Is a newborn baby a human being that hasn’t been shaped by the norms of society yet? And how can we imagine the future that lies ahead of the youngest citizens of society?
These is the types of question that Jens Settergren’s artworks at Roskilde Festival pose.
Settergren has made a series of lenticular prints presenting a fetus which transforms as you pass by. It morphs between an image showing the baby as a digital grid and an image showing the baby “rendered” in flesh and blood. By showing the baby as both a digital being and a non-gendered human, Settergren points to the foetus as an image of a radical future potentiality.
With its cold and commercial aesthetics, the work – entitled Prototype – could be read as an obscure commercial for the child as a product that can be optimised in accordance with consumer demands. With its sci-fi imagery, Prototype investigates ideas of biology, biotechnology and the digital sphere and lets festival-goers reflect on the conditions of life in the future.
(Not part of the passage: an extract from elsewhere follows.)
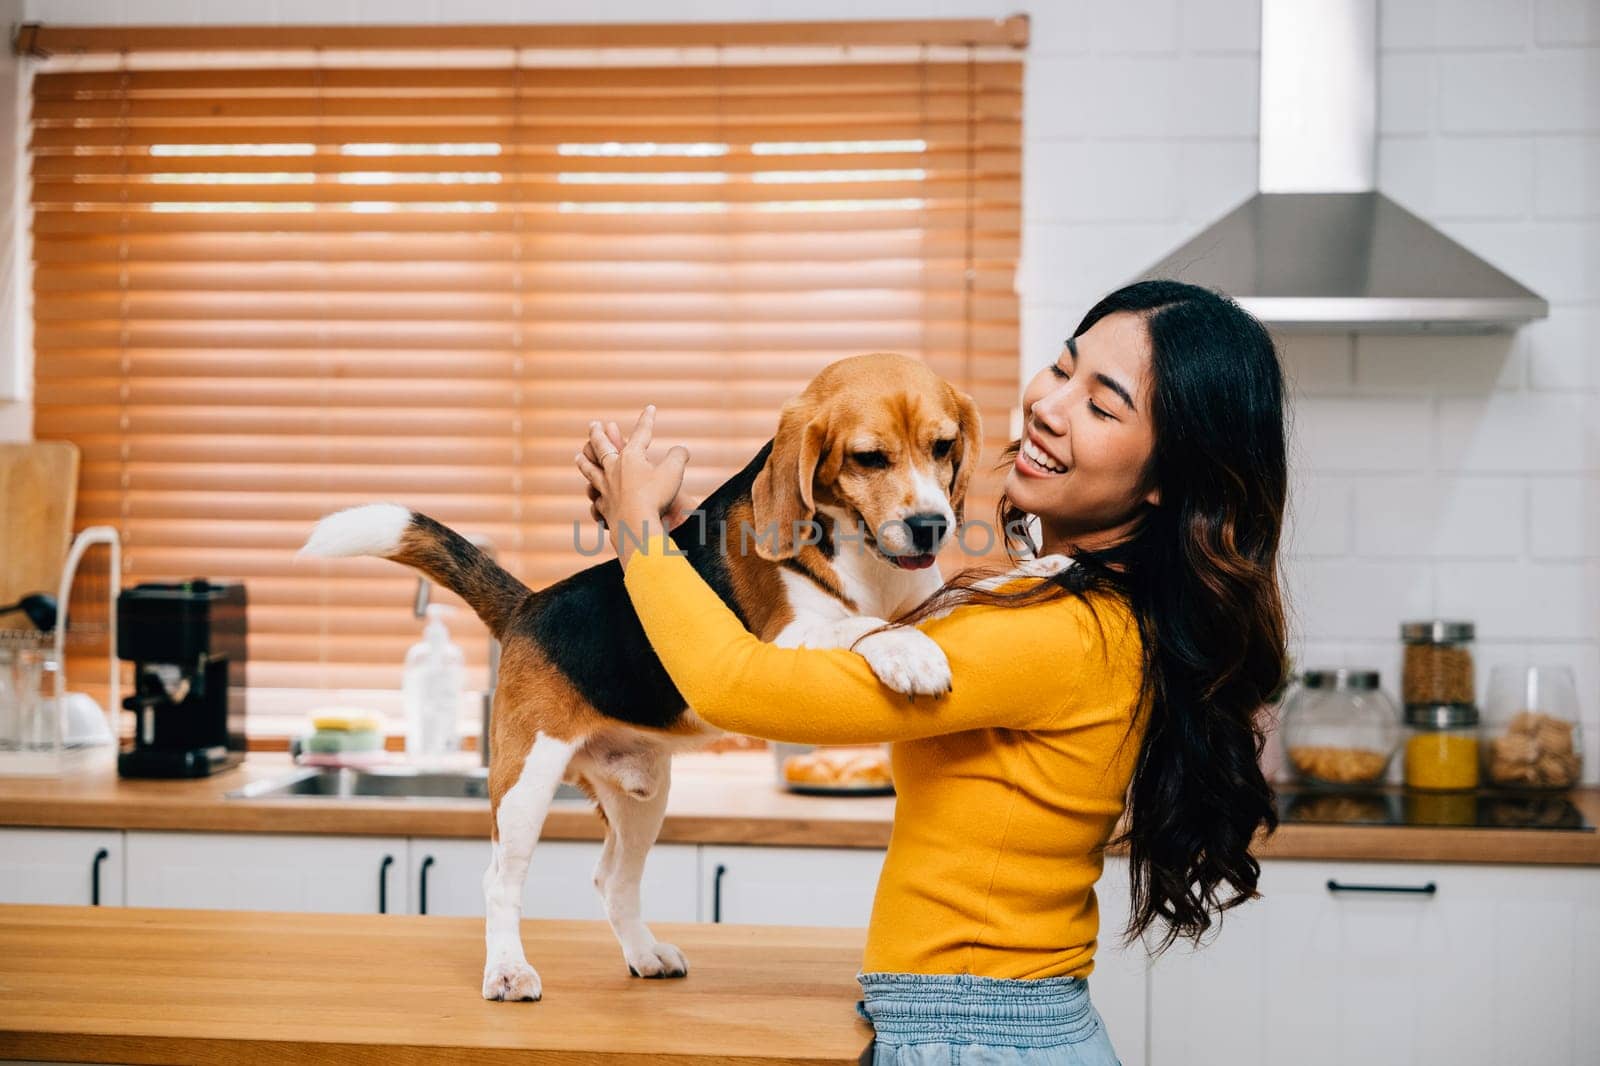 In the cozy kitchen, a smiling Asian woman finds joy playing with her Beagle dog. Their bond showcases the happiness, togetherness, and owner-pet friendship that bring fun to the family. Pet love

Jens Settergren (b. 1989) graduated from the Jutland Art Academy in 2016. In his artistic practice, Settergren often works with collective fantasies, science fiction and contemporary mythologies. He is an interdisciplinary artist who works with both sculptures, installations and video works. Settergren's works typically put everyday objects, 3D figures and commercial images in an unfamiliar context. By doing so he investigates underlying meanings encoded in images, objects and language.
Jens Settergren is presented in collaboration with the Bikuben Foundation. He is a part of the foundation's studio programme which focuses on artistic development.
Other artists in the studio programme are Marie Munk and Linda Lamignan.